Within a year of her mother's death, Suzuki had published three more books. In 2017 her book Ai to shikyū ni hanataba o (lit. A bouquet for love and the womb), which contrasts the pride she feels about her family and education against her mother's longstanding sense of shame about her daughter's decisions to work as a hostess and to perform in adult videos, was published by Gentosha. In a review for Da Vinci, Yuriko Izumi found the use of colloquial spoken language in the book to be difficult to read at times, but appreciated how the emotional content of the book came through in the writing.

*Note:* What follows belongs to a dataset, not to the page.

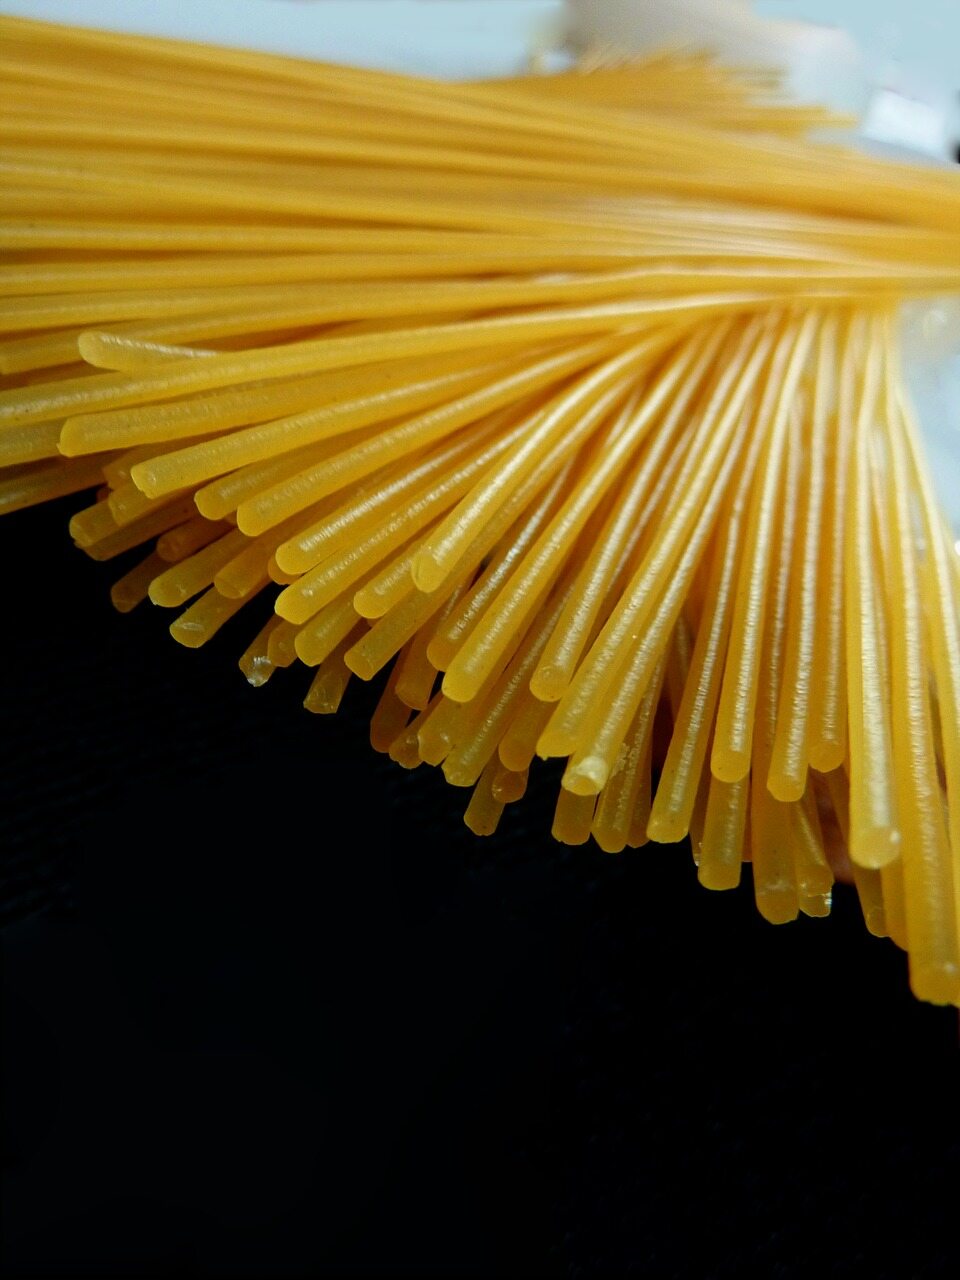 Wymień składniki spaghetti bolognese.

That same year Suzuki drew on her own experience for two more books: Ojisan memoriaru (lit. A memorial to old men), a book about men who pay for women's attention, and Onna no nedan (lit. The price of women) about the financial circumstances and practices of women working as hostesses and prostitutes. 2017 also marked her first film adaptation, with If You Sell Your Body, Then Goodbye! being adapted by director Eiji Uchida into a film starring Chihiro Shibata.

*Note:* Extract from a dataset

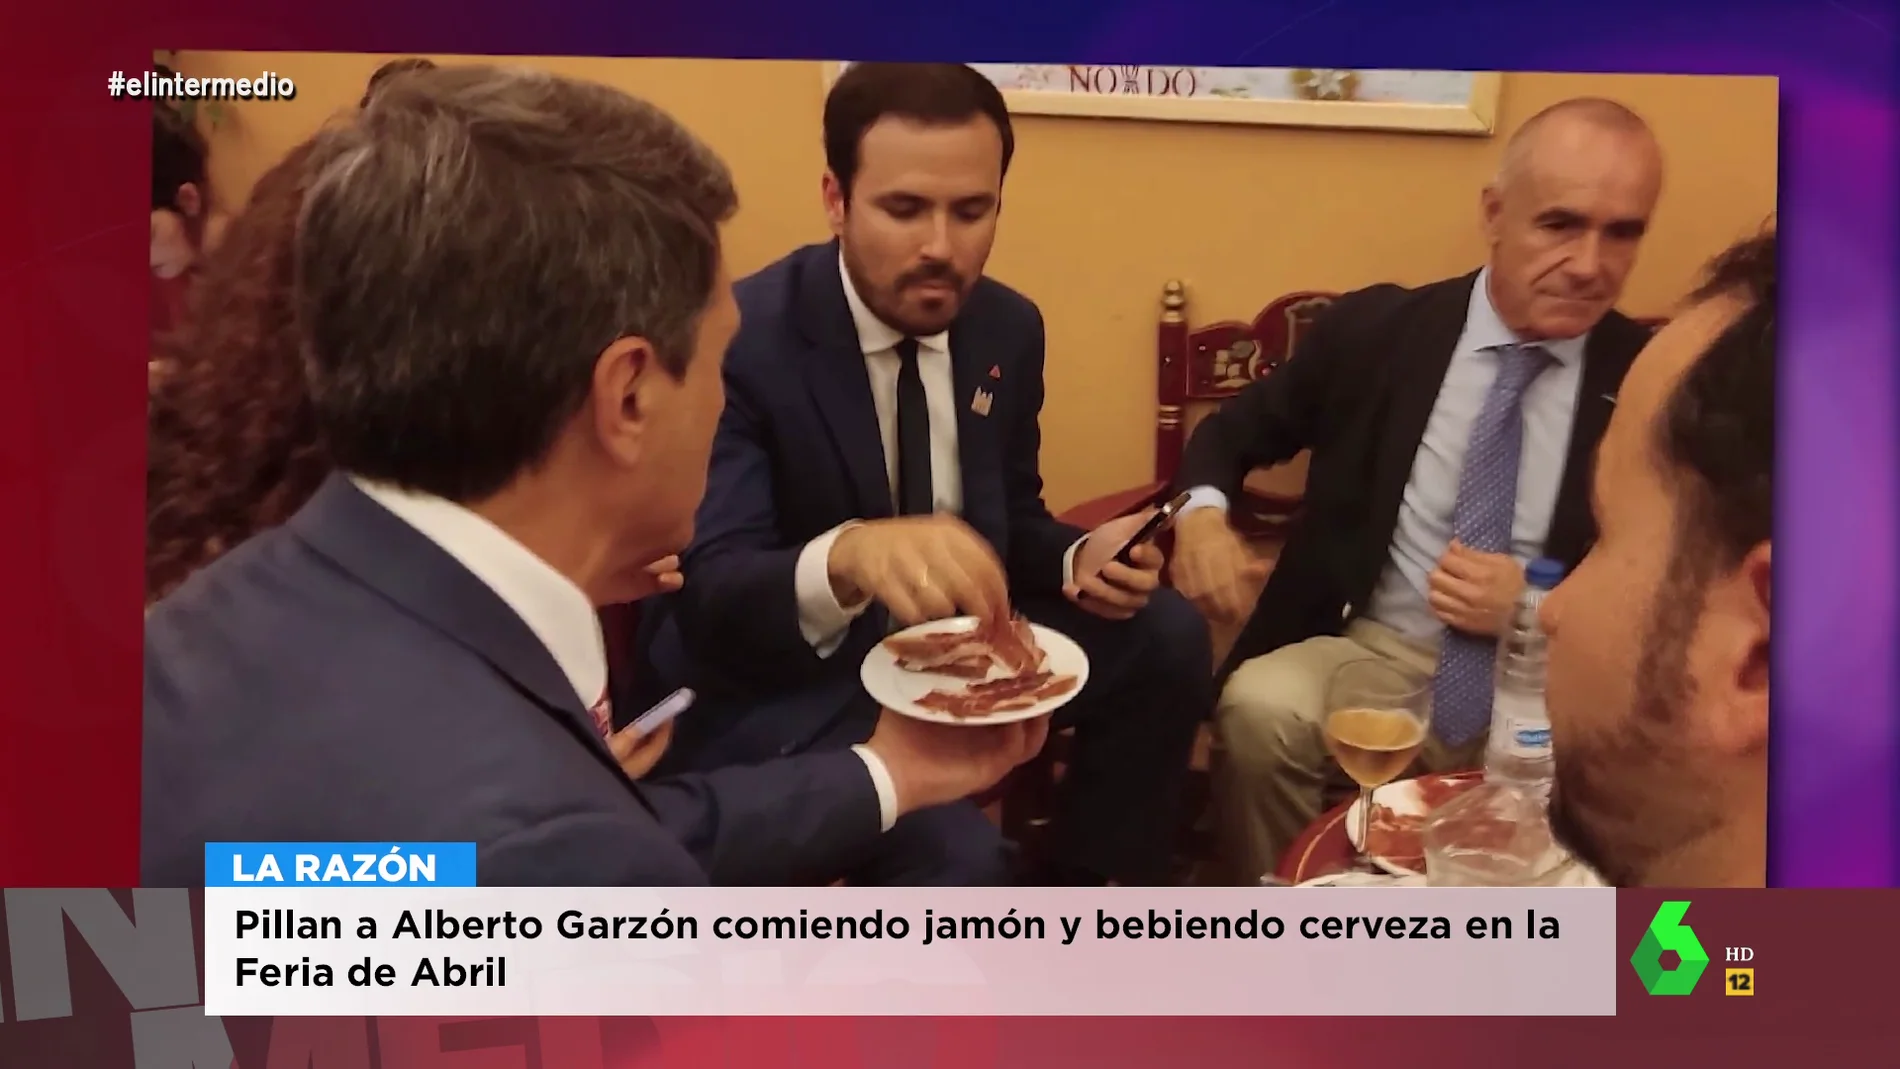 La ironía de Dani Mateo con los haters de Alberto Garzón por comer jamón: "Un comunista debe alimentarse de cartón"

=== Fiction debut and recognition ===

For several years Suzuki continued to write essays and book reviews as a freelance writer. In 2022 Bungeishunju published her debut novel Gifted, about a daughter working in the red-light district and her relationship with her dying mother. Gifted was nominated for the 167th Akutagawa Prize. Later that year Suzuki's second novel, titled Graceless, was published in the November 2022 issue of Bungakukai, and nominated for the 168th Akutagawa Prize. Inspired by her childhood home in Kamakura, which was designed by Kisho Kurokawa, the novel follows a main character who lives in a similar home, drops out of college, and starts to work behind the scenes in the pornography industry.

== Personal life ==
In May 2024, Suzuki announced her marriage. Her spouse, who works under the name "SHUN", is a Kabukichō host, sushi chef, and writer whose regular series Waiting for you in Kabukichō is published by Gentosha.